[Actu] Des commandes à venir

De manière fort amusante, le suivi des actualités dans le domaine militaire russe a ceci de caractéristique qu’on ne sait jamais quel lapin les responsables vont sortir de leur chapeau. Certes, les grandes lignes sont prévisibles, certaines annonces sont logiques mais il y a toujours ce côté (parfois calculé et parfois pas) où un responsable annonce une (ou des) commande(s) à venir alors que celle(s)-ci n’étai(en)t pas spécialement attendue(s). Bien évidemment, il est toujours bon de garder la tête froide face à certaines déclarations, les exemples de volte-face étant légions dans l’histoire russe contemporaine néanmoins sur la seule journée du 12 août 2020, le ministre russe de la défense, Sergey Shoigu, a fait mention de pas moins de quatre commandes sur la même journée. Les commandes annoncées, bien que pas encore signées, sont pour partie déjà officialisées sur le site du ministère de la défense de Russie.
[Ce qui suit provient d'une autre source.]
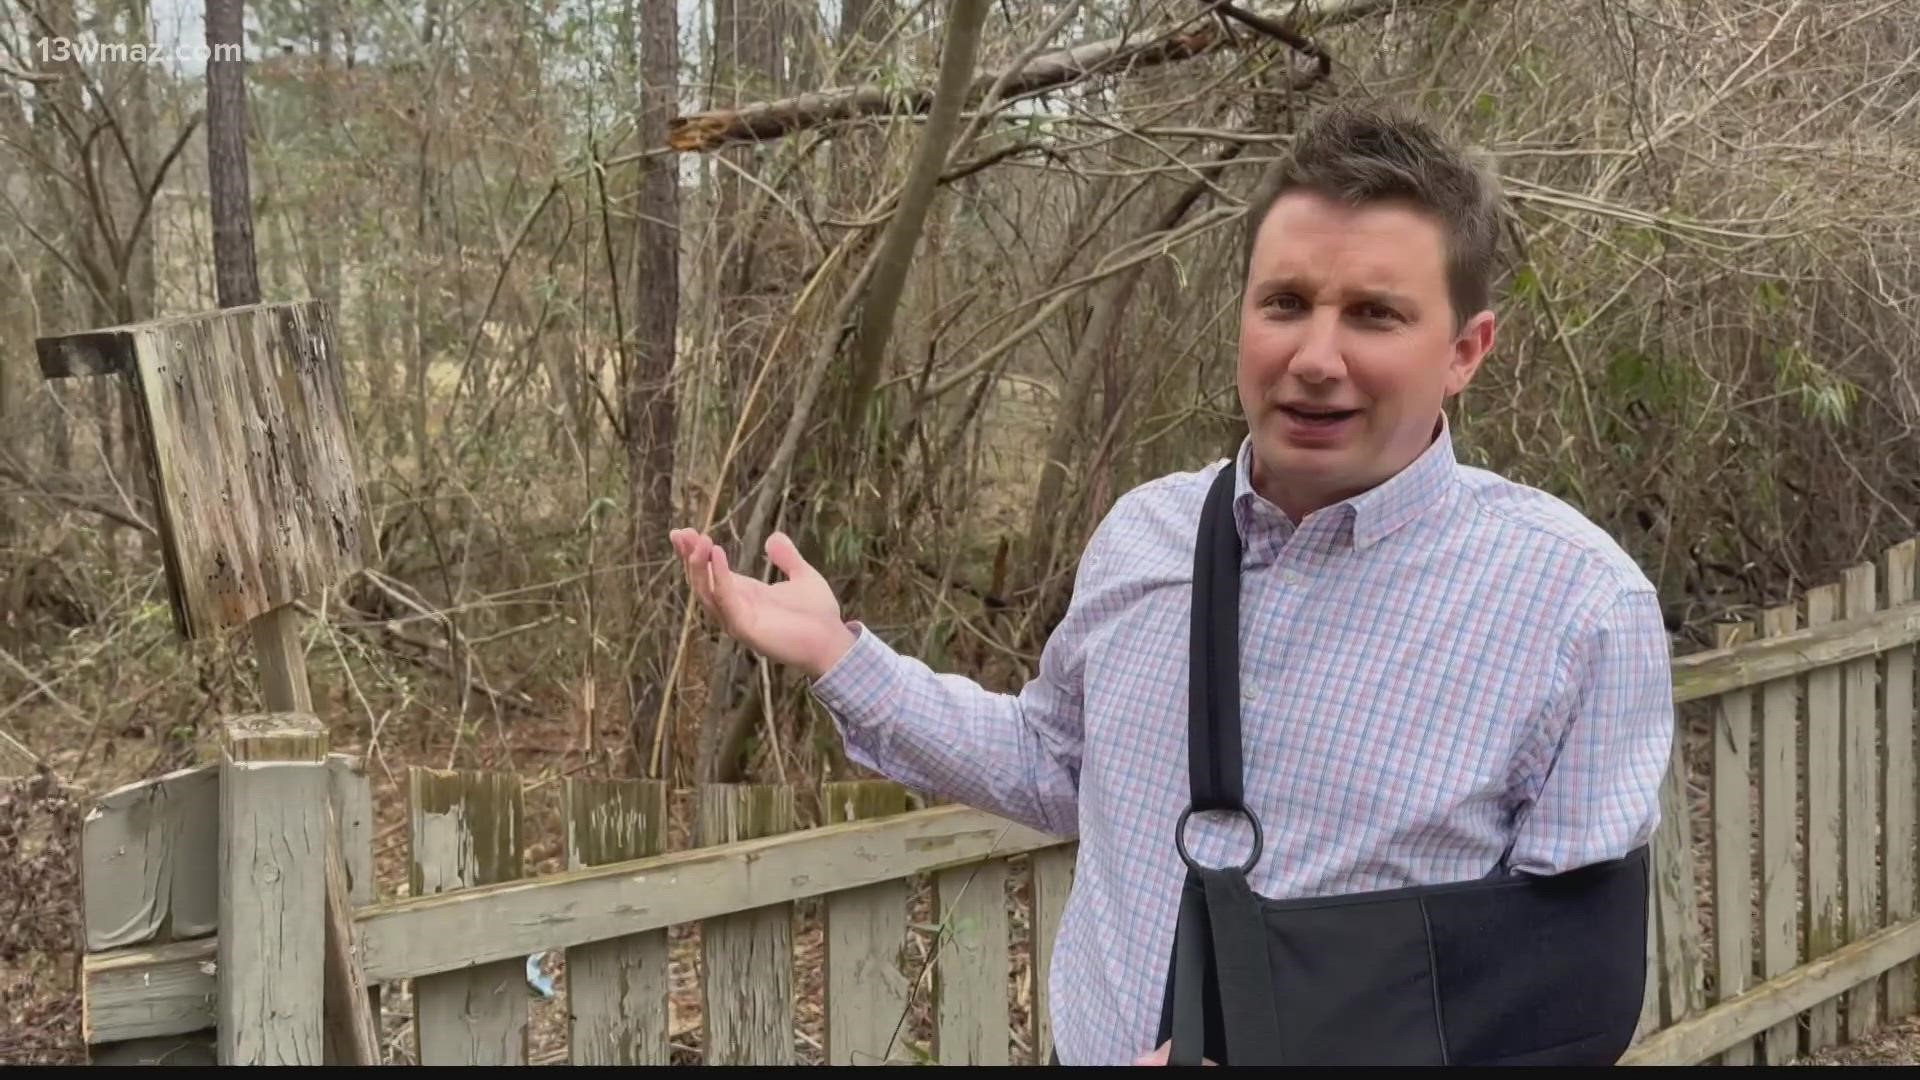 Chief Meteorologist Ben Jones shares his story on his backyard injury and how to safely clear storm debris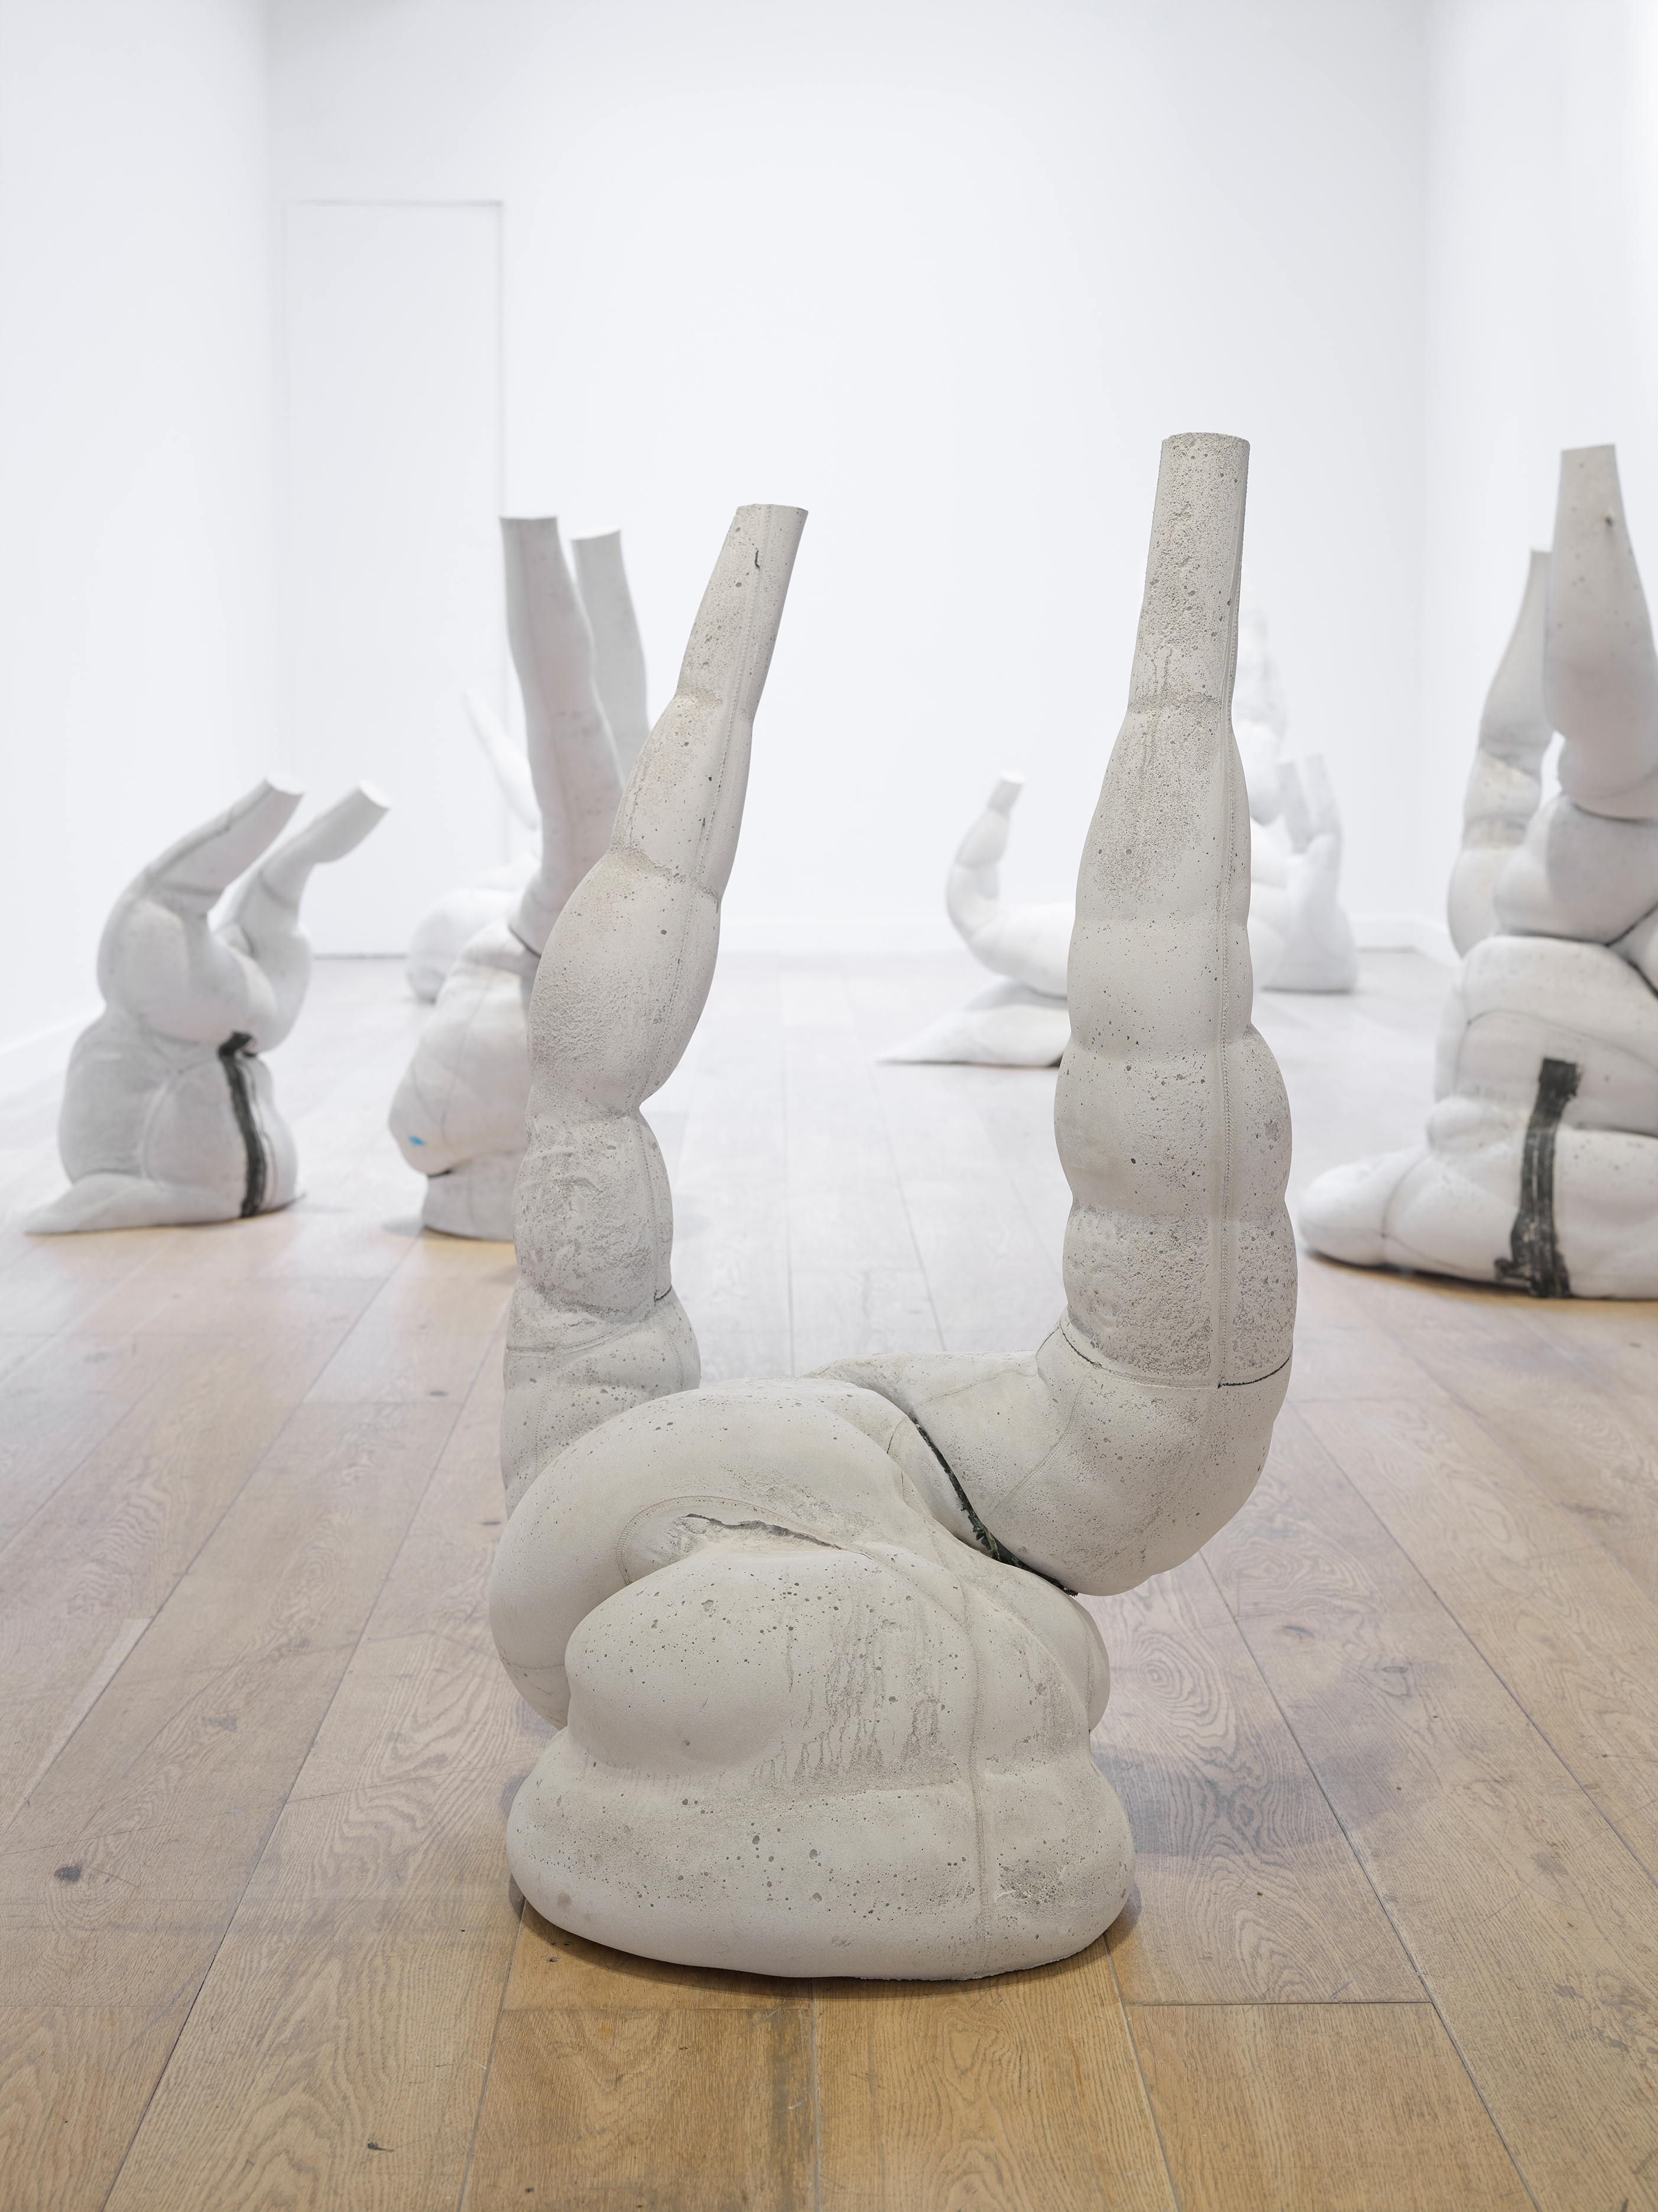 Installation view of Tania Kovats: Oceanic at Parafin, London. Courtesy Parafin, London. Photo: Peter Mallet.

Les annonces effectuées le 12 août font suite à une tournée d’inspection de certaines usines militaires dans la région d’Irkoutsk et de Komsomolsk-sur-l’Amour par le ministre russe de la défense et précèdent le salon militaire Army 2020 qui se tiendra du 23 au 29 août 2020; ce salon étant en général l’occasion idéale pour les responsables russes d’officialiser des commandes militaires négociées au préalable avec les constructeurs.

Les appareils et navires concernés par lesdites annonces sont les suivants:

  • Sukhoï Su-30SM2 (une nouvelle variante du Su-30SM)
  • Sukhoï Su-35S
  • Yakovlev Yak-130
  • Corvettes Steregushchiy (Izd.20380)

En outre, les premières images du deuxième Su-57 de série ont été publiées tandis qu’un reportage tourné au sein de l’usine KnAAZ durant la visite du ministre de la défense a permis de tomber sur une information intéressante relative au Su-35 à l’exportation. De manière résumée, on peut écrire qu’après plusieurs mois relativement calmes (exception faite du secteur de la construction navale russe) en matière de nouveautés, c’est une véritable avalanche d’informations et d’annonces qui eut lieu le 12 août.

Passage en revue.

Sukhoï Su-30SM2

Alors que le phénomène avait connu une forte accalmie, voilà que les industriels russes nous gratifient d’une énième nouvelle dénomination pour une variante du Su-27 Flanker; cette fois-ci il s’agit du Su-30SM2. Faisant suite au Su-30SM1 qui était la version « modernisée » et débarrassée des équipements non-russes du Su-30SM, cette nouvelle version au sujet de laquelle aucune information n’a été communiquée sera commandée à raison de vingt-et-un exemplaires dont le contrat devrait être signé durant le salon Armiya 2020.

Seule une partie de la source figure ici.